Laszlo (company name Laszlo Boats NZ) is a manufacturer of boats who produce racing shells for the sport of rowing.

==History==
Laszlo Boats used was originally known as Kiwi International Rowing Skiffs (KIRS), and was the most dominant rowing skiff manufacturer in New Zealand, an industry which is "world renowned". They were responsible for building rowing skiffs which won numerous titles, including world and Olympic championships, as well as holding world record times. In 2015 the company was liquidated and its assets and designs were purchased by Laszlo Kertesz and Vera Búcsú. Kertesz had been KIRS' chief constructor for more than ten years. Even with the company liquidation and change of ownership the new owners honoured the manufacture and delivery of those orders taken before the originally became liquidated, with most of the orders being delivered to local schools and clubs.
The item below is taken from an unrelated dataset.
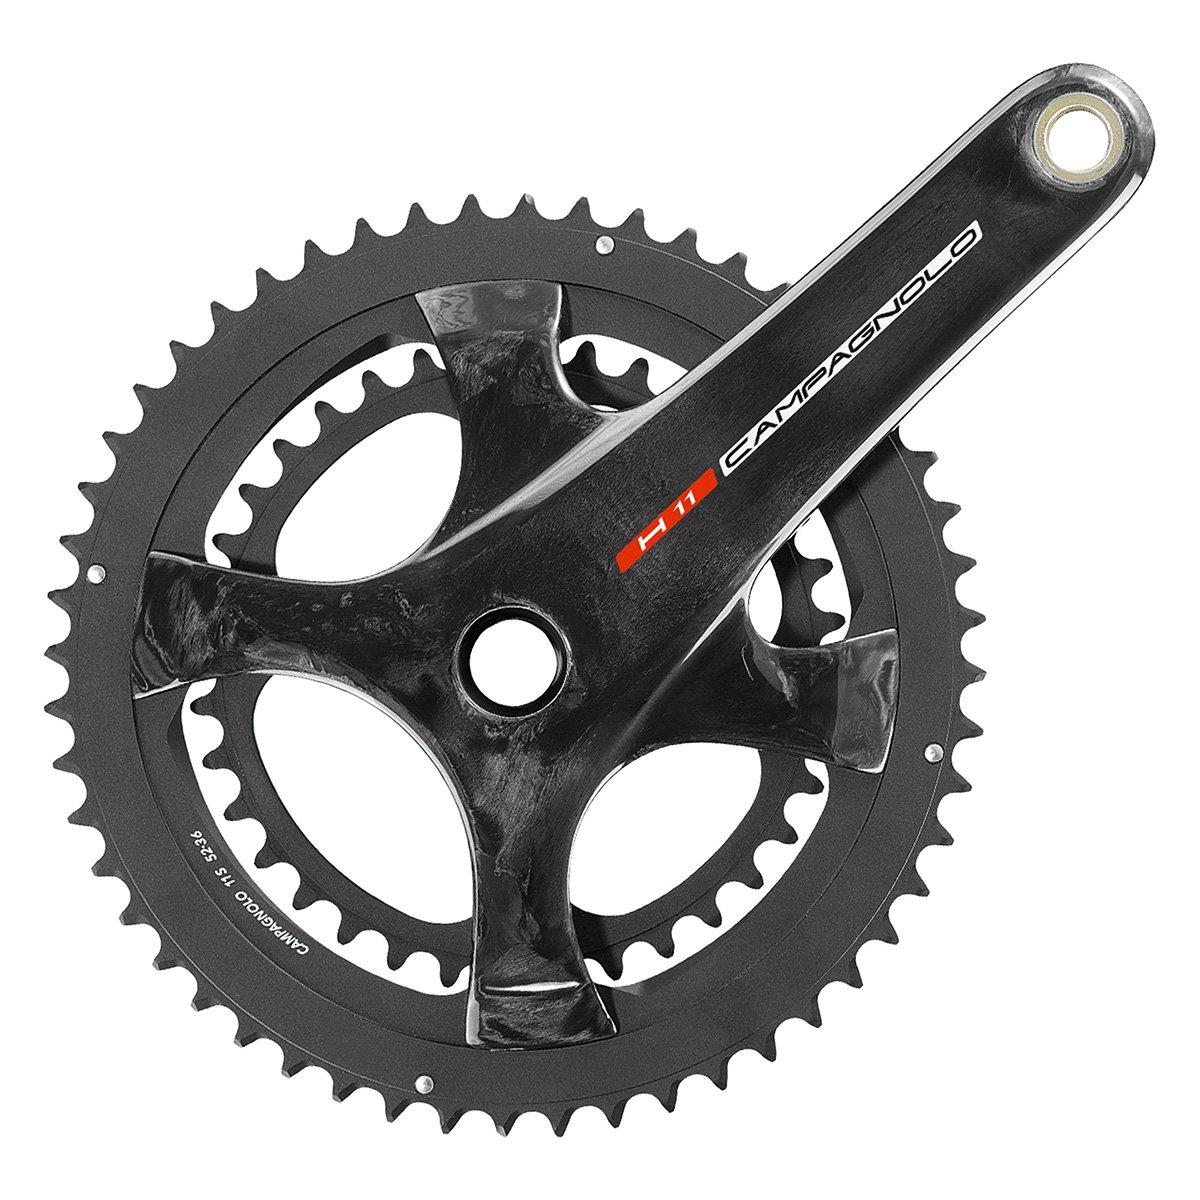 Campagnolo h11 UT 11-speedロード自転車Crankset 175x53-39 ブラック B072FLCMG1

After taking over the company Kertesz and Búcsú, they kept several of the key craftsmen of the company. Aside from Kertesz, they also hired the other boat builder of KIRS, Gena Konoval, both of whom were considered at the top of their field in New Zealand. Some of the other employees retained included Olympic champion Gary Robertson, Andre Goodwin, one of the most experienced skiff spray painters in New Zealand.

In 2016, Adam Ling won the gold medal at the New Zealand National Rowing Championship, using one of boats designed and built by Laszlo. In 2017 Laszlo became the first New Zealand boat manufacturer to become the boat supplier for the World Masters Games. In 2017, they also became a sponsor for the Aon Maadi Cup, when they supplied a single scull which was awarded to the winner of the single scull category. In 2019 rowers using Laszlo boats won a World Cup gold medal and a World Championship silver medal. That same year during the Maadi Cup, their boats won every event in the U-18 category, something which had not been accomplished during the modern era.

During 2019, the company began to develop new shapes and moulds, as well as purchasing a new spray booth, to enhance their quality control.